To those of you who are loving women and men who have been violated, first by their attackers, and then by a misguided society, thank you. This is your story, in his words. 

My Woman Was Raped, And I Love Her

And then she whispered, almost imperceptibly, “I was raped.”

Nothing can prepare you for those words. I will never forget the chill down my spine, the white noise in my ears, the temporary numbing of my senses. I will never forget the feeling of my heart breaking as I saw the embarrassment on her face and the shame in her eyes, heard the guilt lining her voice. How do you react to finding out that the love of your life, the woman who has become your world, has had hers shattered by someone so heinous and violent?

What do you say to her? How do you quiet her pain? How do you chart a way forward? What do you do when you are on the other side of the glass, looking into a purity stained by savagery?

Rape is a continuous crime. It stains the victim’s soul with septic scars that every so often bleed anew, fresh wounds in need of fresh healing. Long after the moment of brutality, memories careen into her consciousness, a trail of  guilt, anger and powerlessness following in their wake.

My woman was raped, and I love her.

This is not an easy thing. There are moments of frustration;  when, in the rising intensity of our lovemaking, her demeanor transforms from warm and receptive to cold and limp;  when, without warning, she clamps up and urgently pushes me off her, as though my touch has suddenly become abhorrent to her; when she doesn’t even want me near her because flashbacks have invaded our intimate space. It is difficult to get excited about intimacy when you are uncertain of how it will unfold. It is hard not to question yourself when your touch is rebuffed and your affection rejected.
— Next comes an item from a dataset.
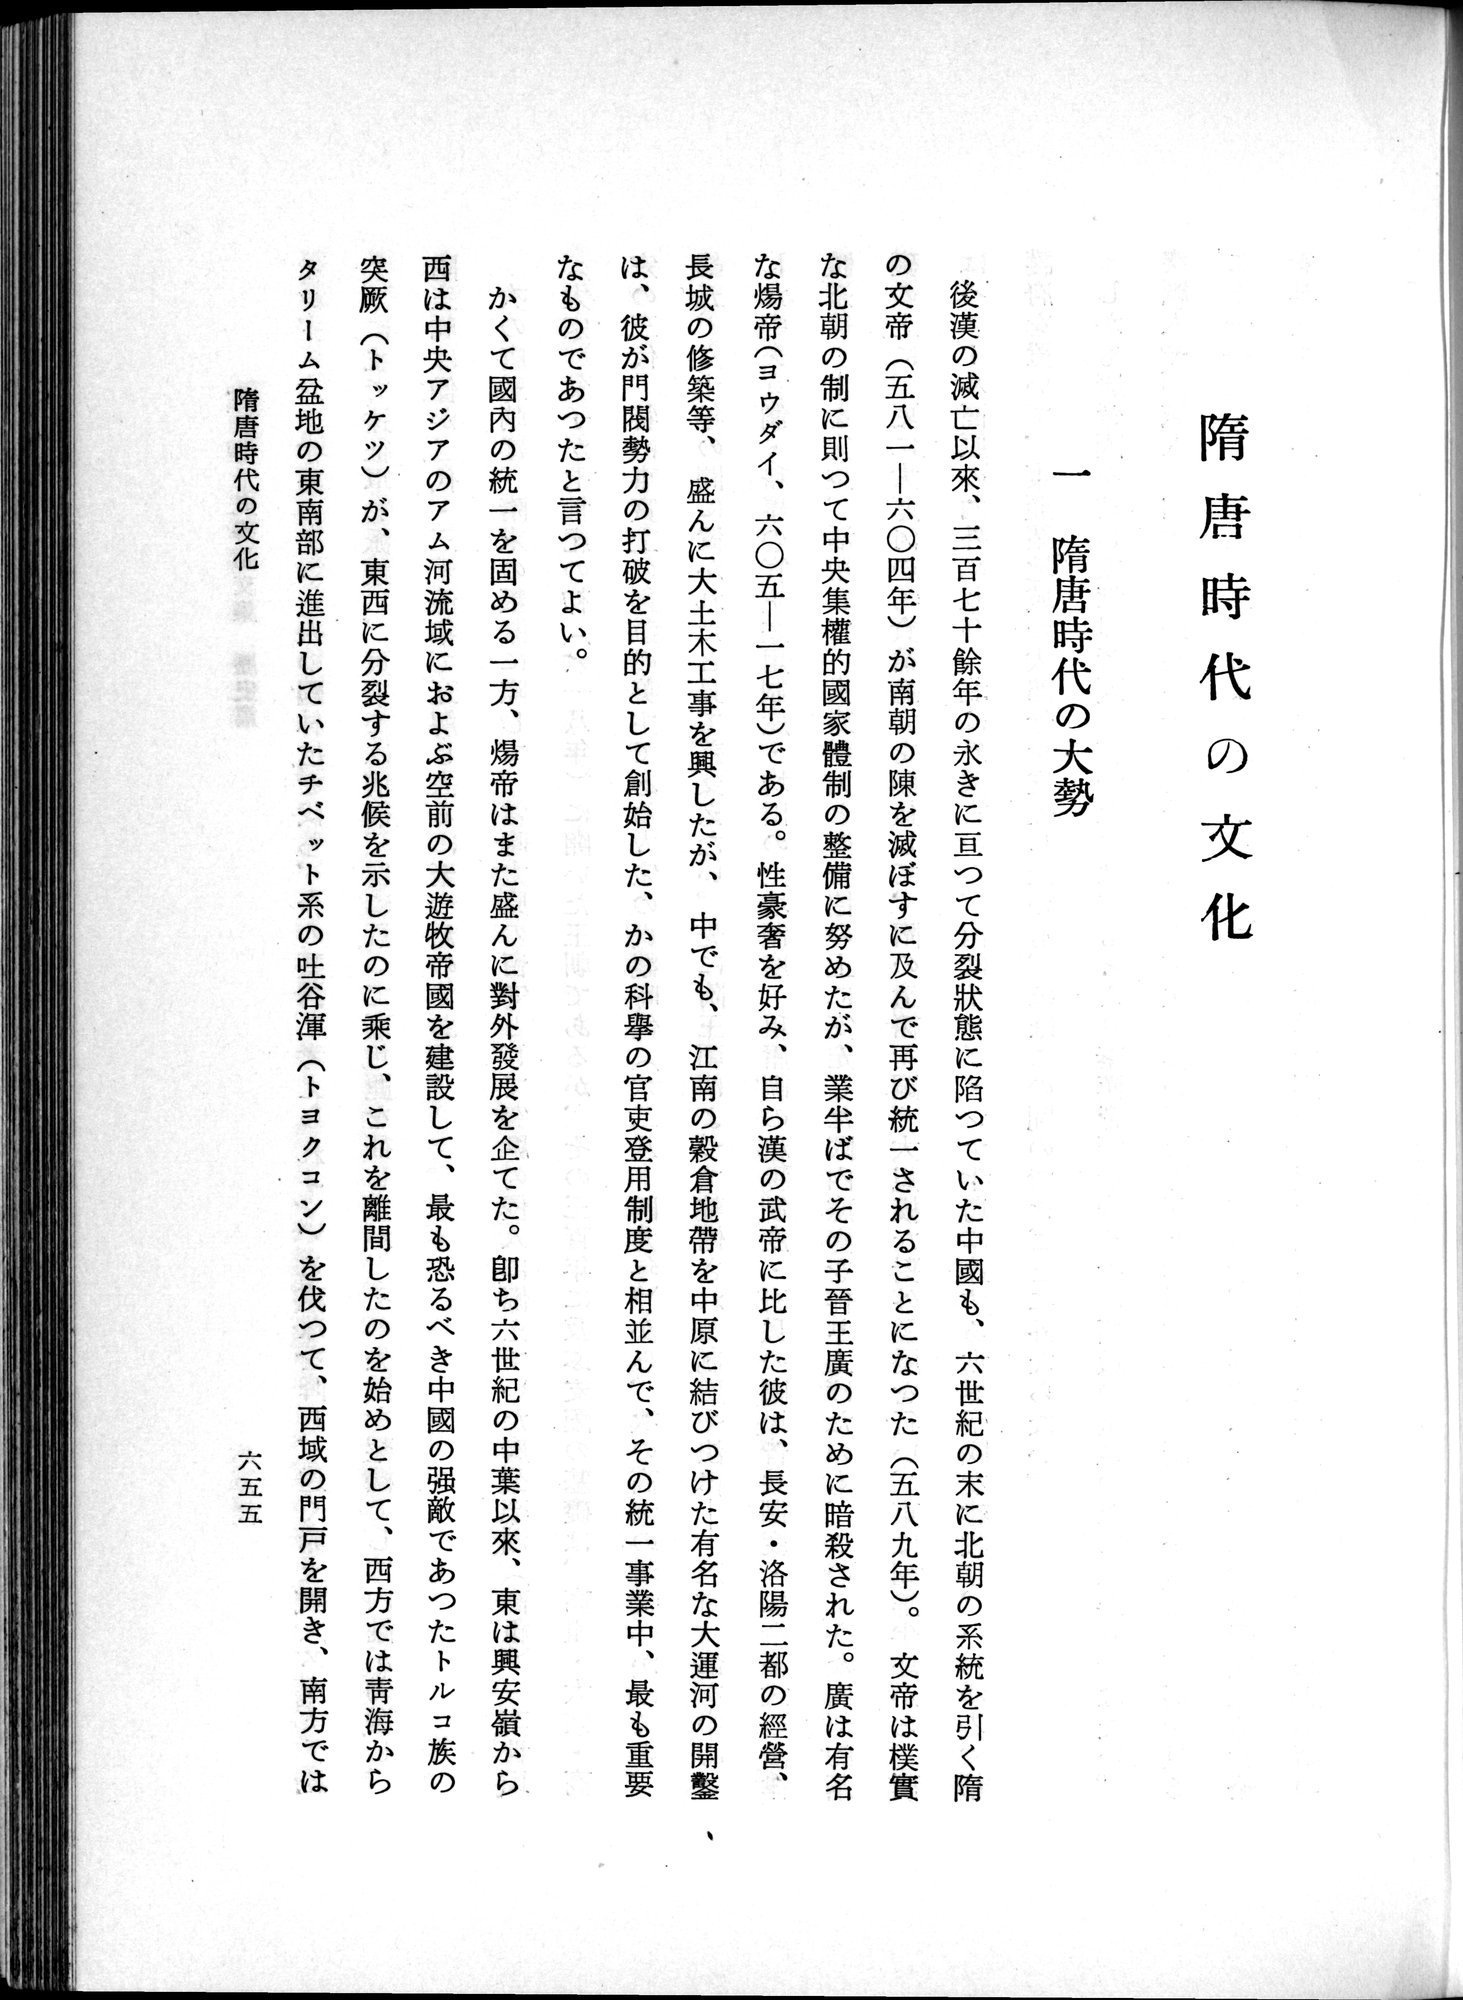 羽田博士史学論文集 : vol.1 / Page 693 (Grayscale High Resolution Image)
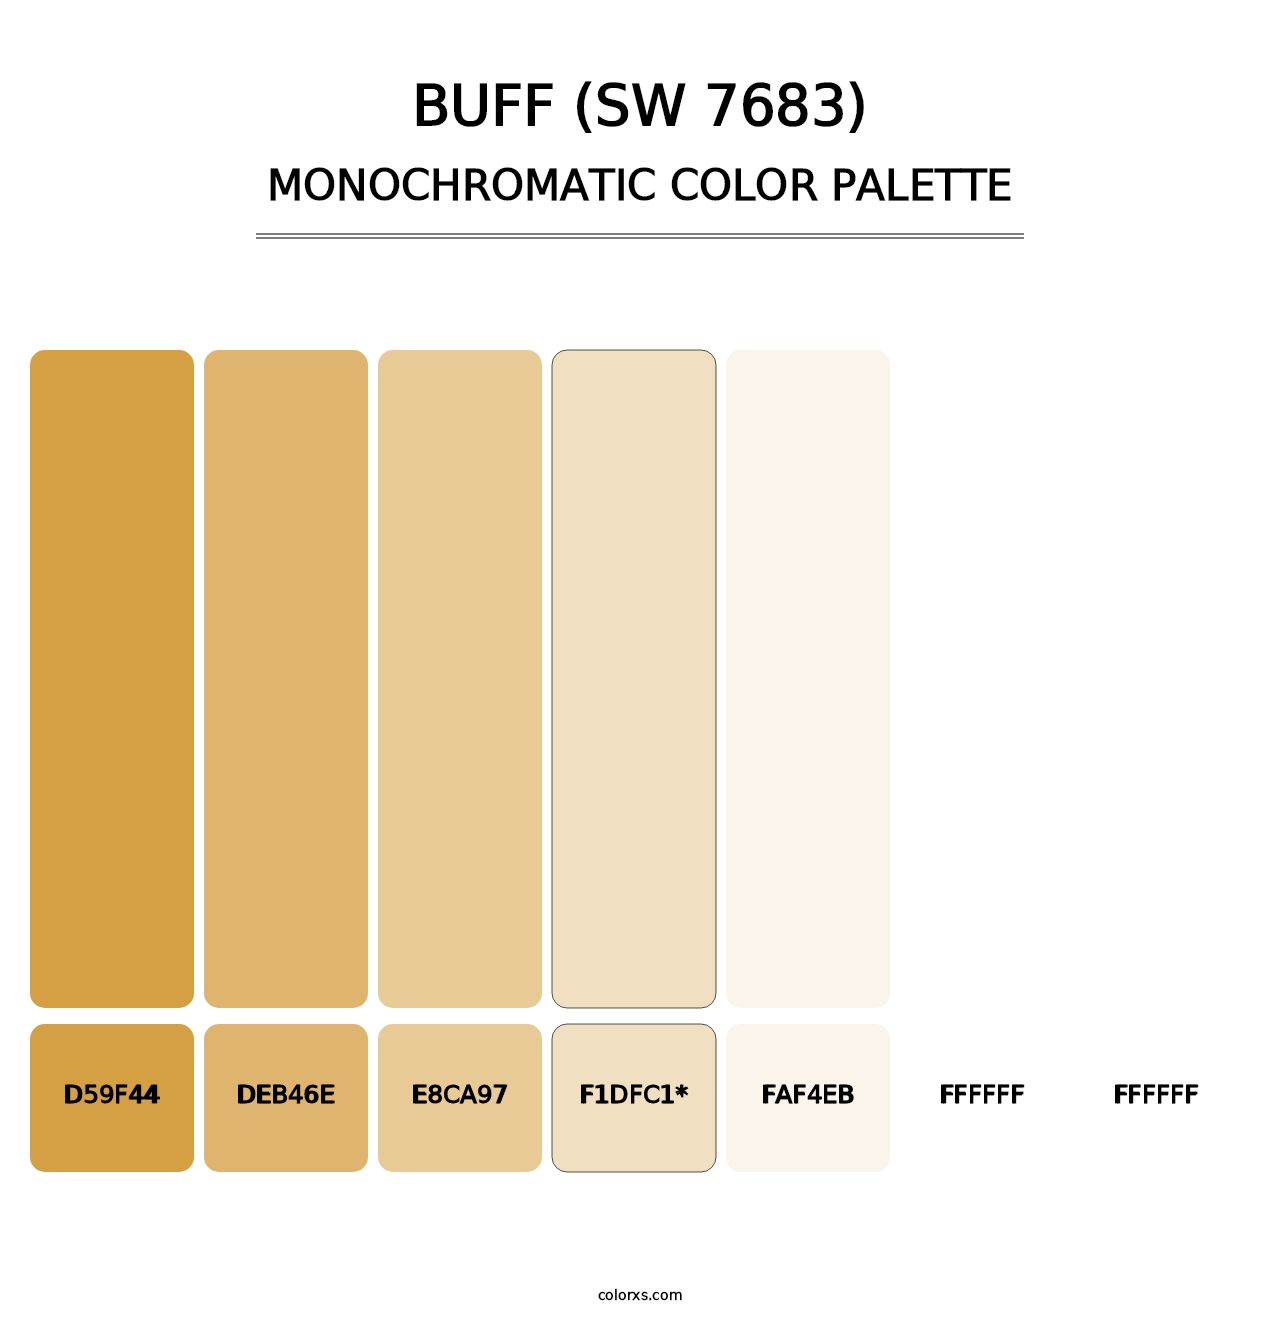 Buff (SW 7683) - Monochromatic Color Palette

There are moments of despair; when she told me that she is afraid to reach orgasm because it reminds her of him. How am I supposed to navigate such a treacherous sea of emotions? Does my every touch remind her of him? Is there anything I could do to allay her fears and insecurities? Will our moments of passion forever be marred by memories of him? Will she ever be wholly, truly mine, or am I condemned to sharing her most private thoughts and intimate feelings with him?

There are moments of pure helplessness. When we walk into a room and something reminds her of the very room where it happened. I watch her as she moves rapidly through emotions – confusion, panic, fear – shaking as the recollection overcomes her. And I sit next to her, unsure of what to say or do. How can my love for her uproot such deep emotional scars? How can my love help her lift such heavy psychological burdens? What did someone so beautiful, so gentle of spirit, so full of love and kindness do to deserve this?

There are moments of anger. When she tells me that even now, years later, he is yet to be held accountable for destroying the life of a young, innocent girl with the world at her feet. She was left to bear the brunt of his wanton urges, while he is free to live his life without remorse. Is there any justice in a world where the good among us fall victim to evil without any recourse? If only I could find him and pay the piper his long over-dues.

My woman was raped, and I love her.

And because I love her, I have dedicated myself to doing whatever it takes to help her heal the wounds that still fester. When frustration threatens to consume me, I court patience. I remember that my moments of discomfort pale in comparison to the horrific memories she must overcome daily. I resolve to stop as soon as she asks me to, regardless of the intensity of our intimacy in that instant. I commit to showing her that she is in control, that her word means something, that she can choose to slow things down or stop them completely and be respected. It is her prerogative, and I am her man.

When I find myself despondent, I remind myself that love overcomes. I find solace in the knowledge that our love is a fresh start, a blank page, a new foundation upon which we will build a new storey of companionship. Our love will renew her, moment by moment, day by day, until she is fully restored. I show her that my love runneth over and she can drink from its cup for as long as she thirsts.

When helplessness overwhelms me, I remind myself that not everything can be resolved, that not all questions in life have answers. I hold her close to me and comfort her, trusting that my touch will tell her everything I can’t find the words to say. I love her, and together we will heal.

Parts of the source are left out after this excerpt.